Google Gemma 4: vier Open-Modelle unter Apache 2.0

Google veröffentlicht Gemma 4 mit vier Modellen bis 31B, multimodal und 256K Kontext. Apache-2.0-Lizenz macht sie für Unternehmen attraktiver denn je.

5. April 20262 Min. Lesezeit

Google hat am 2. April 2026 die Gemma-4-Familie veröffentlicht: vier Open-Weight-Modelle unter Apache-2.0-Lizenz, die deutlich mehr kommerzielle Freiheit bieten als frühere Gemma-Versionen. Für Teams, die auf lokale KI-Deployments setzen, ist das ein relevantes Update.

Die vier Modelle

ModellTypBesonderheit
Gemma 4 2BDenseFür On-Device und Edge
Gemma 4 4BDenseAusgewogen, lokal nutzbar
Gemma 4 26BMoEEffizient durch Mixture-of-Experts
Gemma 4 31BDensePlatz 3 weltweite Open-Model-Rangliste

Das 31B-Modell unterstützt über 140 Sprachen inklusive Deutsch, verarbeitet multimodale Eingaben (Text, Bild, Video, Audio) und bietet ein Kontextfenster von bis zu 256.000 Token.

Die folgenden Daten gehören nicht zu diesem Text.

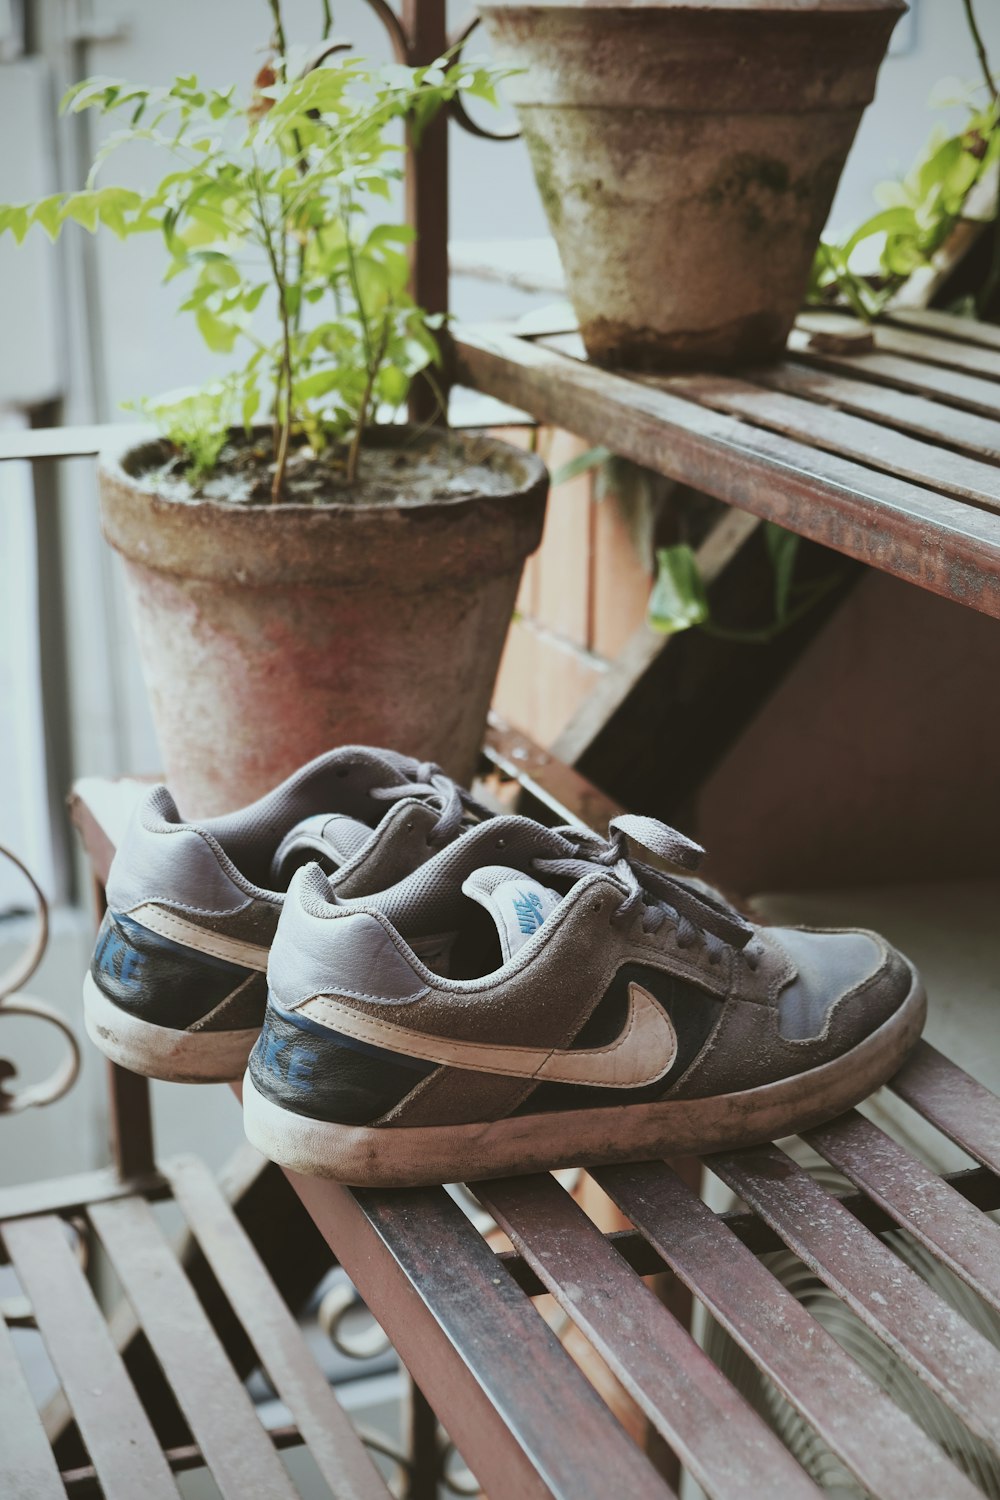 Black and white nike athletic shoes on brown wooden bench photo – Free Vans  Image on Unsplash

Verfügbar auf Hugging Face, Kaggle, Ollama und Google AI Studio. Quelle: Google Blog: Gemma 4, The Register

Apache 2.0 als Unterschied zu Gemma 3

Frühere Gemma-Modelle hatten eine eigene Nutzungslizenz mit Einschränkungen für kommerzielle Anwendungen. Apache 2.0 erlaubt die uneingeschränkte kommerzielle Nutzung, Modifikation und Weitergabe. Das macht Gemma 4 für Unternehmensdeployments wesentlich unkomplizierter.

Warum das für DACH-Teams relevant ist

Gemma 4 läuft lokal, braucht keine Cloud-Anbindung und verarbeitet keine Daten extern. Für DSGVO-konforme Deployments, interne Tools oder Anwendungen mit sensiblen Daten ist das ein praktikabler Weg ohne Abhängigkeit von OpenAI- oder Anthropic-APIs.

Das 2B- und 4B-Modell laufen auf Consumer-Hardware, das 26B-MoE-Modell ist durch seine Mixture-of-Experts-Architektur trotz der Parameterzahl ressourcenschonender als ein vergleichbares Dense-Modell.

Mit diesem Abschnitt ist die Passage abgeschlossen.